Fetches the file located at the provided URL and returns the content.
Uses `headers` to bypass auth.
"""
conn = HTTPSConnection(domain)
conn.request('GET', url, headers=headers)
response = conn.getresponse()
content_type = response.getheader('Content-Type')
content_disp = response.getheader('Content-Disposition')

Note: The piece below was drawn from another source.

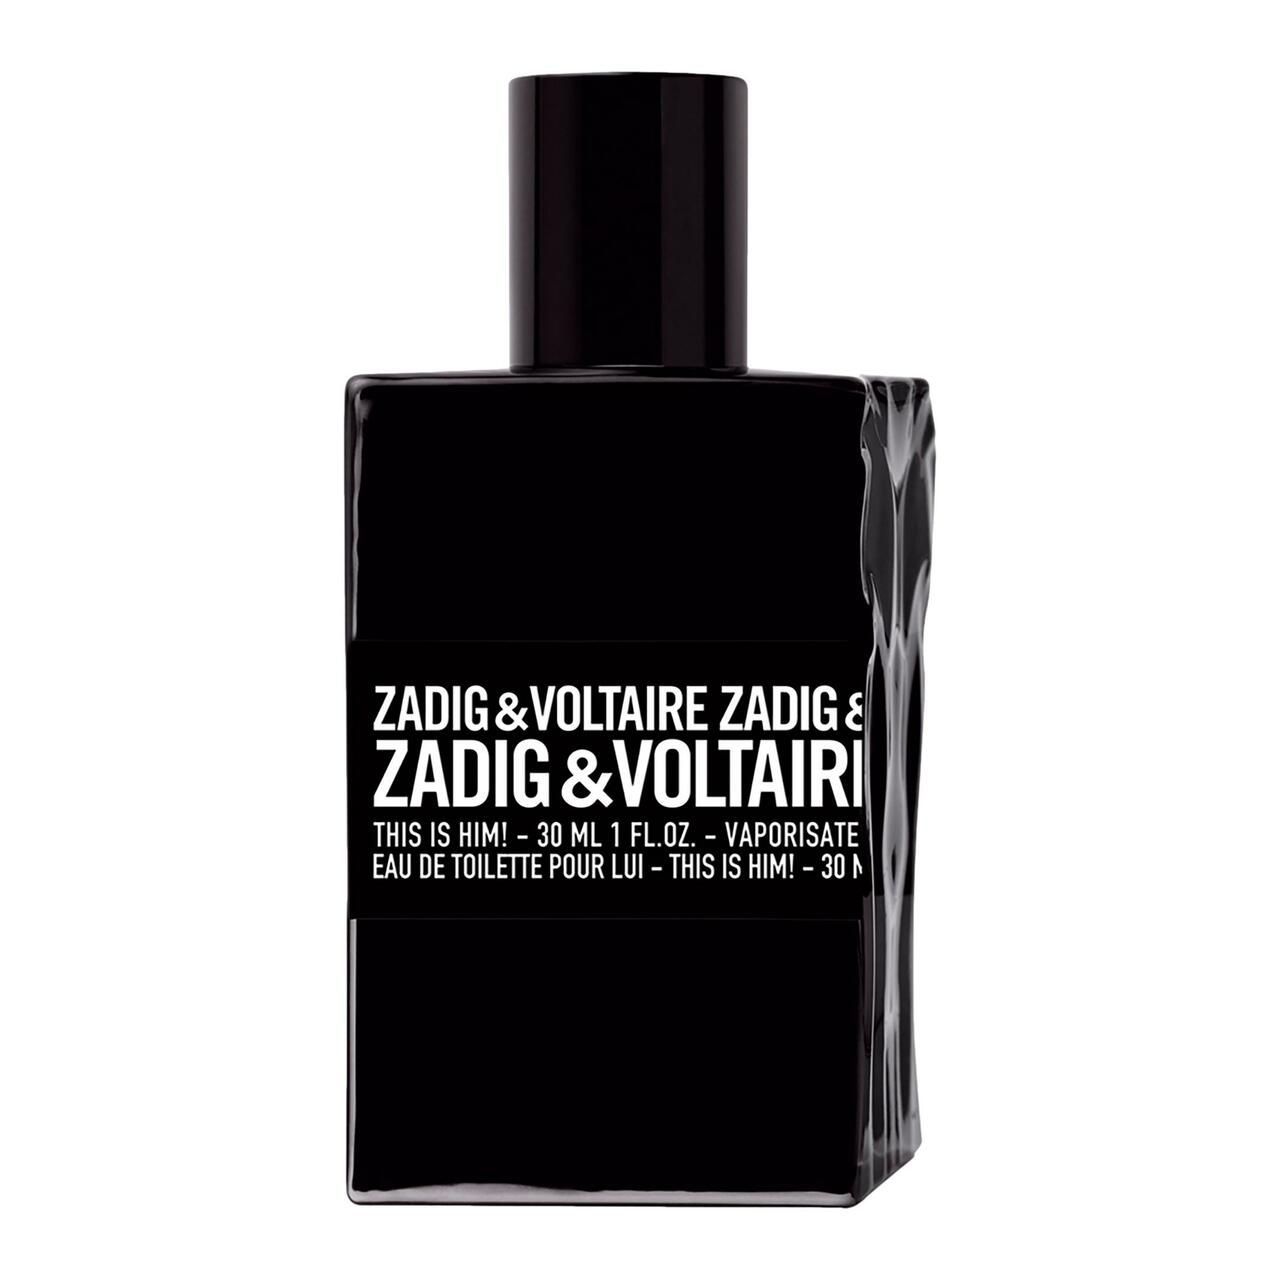 Zadig & Voltaire, This is Him! E.d.T. Nat. Spray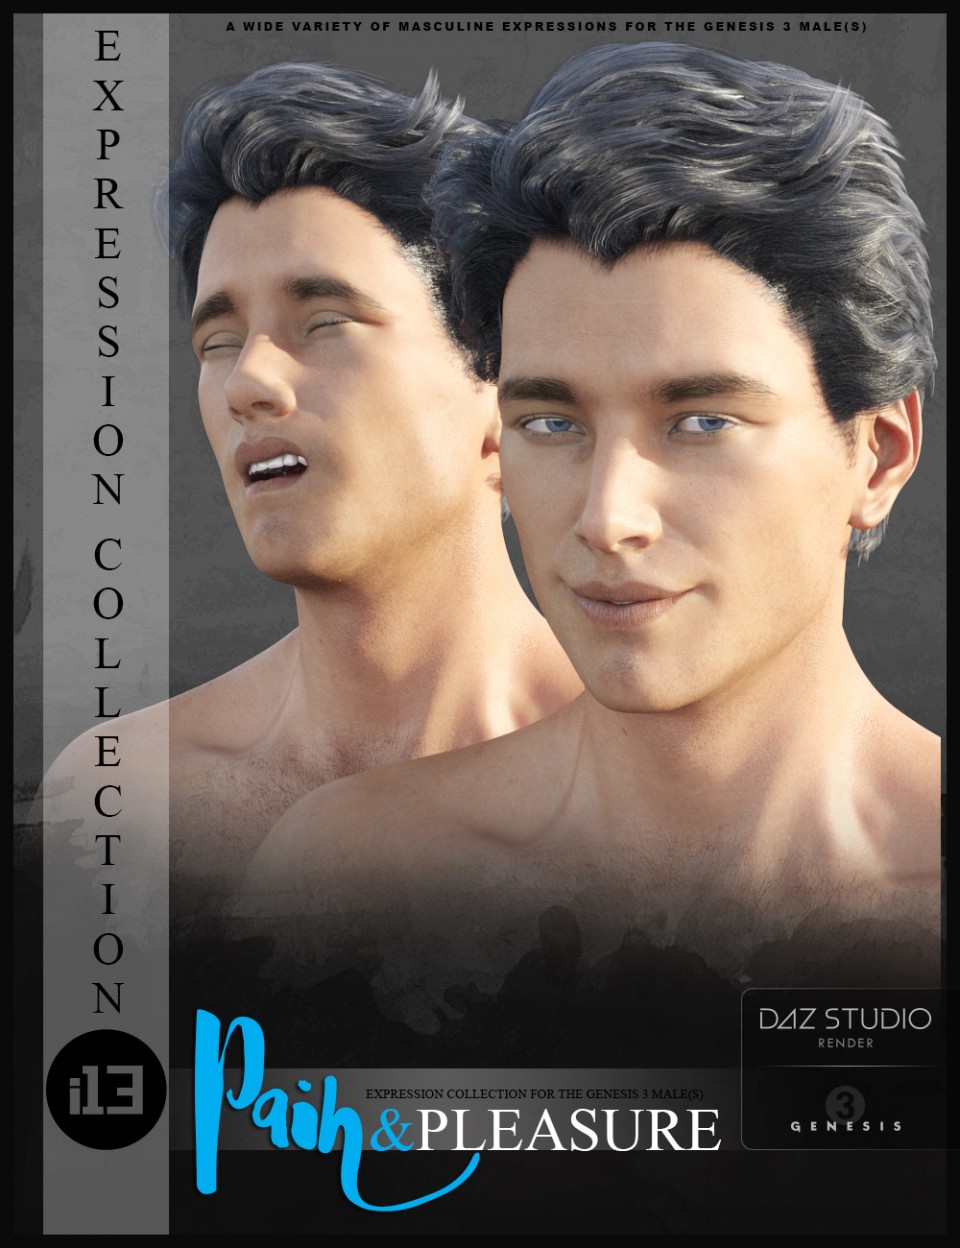 i13 Pain and Pleasure Expressions for the Genesis 3 Male(s)

# Change to whatever content type you need
if content_type != 'application/pdf':
conn.close()
return
else:
file_content = response.read()
conn.close()
return file_content
The headers string should look like this :
GET /fr/backend/XXXXXXXXX/845080 HTTP/1.1
Cookie: cookie_law_consented=true; landing_page=0; _ga=GA1.2.1218703015.1546948765; _gid=GA1.2.580320014.1546948765; _jt=1.735724042.1546948764; SID=5c485bfa-3f2c-425e-a2dd-32dd800e0bb3
Accept: text/html,application/xhtml+xml,application/xml;q=0.9,*/*;q=0.8
Accept-Encoding: br, gzip, deflate
Host: XXXXX
User-Agent: Mozilla/5.0 (Macintosh; Intel Mac OS X 10_14_2) AppleWebKit/605.1.15 (KHTML, like Gecko) Version/12.0.2 Safari/605.1.15
Accept-Language: fr-fr
Referer: XXXXX
Connection: keep-alive
It may change depending on the website, but using these allowed me to download files behind a login.
Upvotes: 0
Reputation: 8225
This website checks if you have a referer from their site, it gives you a 403 response otherwise. You can easily bypass this by setting a referer.
import requests
ref='https://tmofans.com'
headers = { 'Referer': ref }
r = requests.get('https://tmofans.com/goto/347231',headers=headers)
print(r.url)
print(r.status_code)
Output
https://tmofans.com/viewer/5c187dcea0240/paginated
200
Upvotes: 2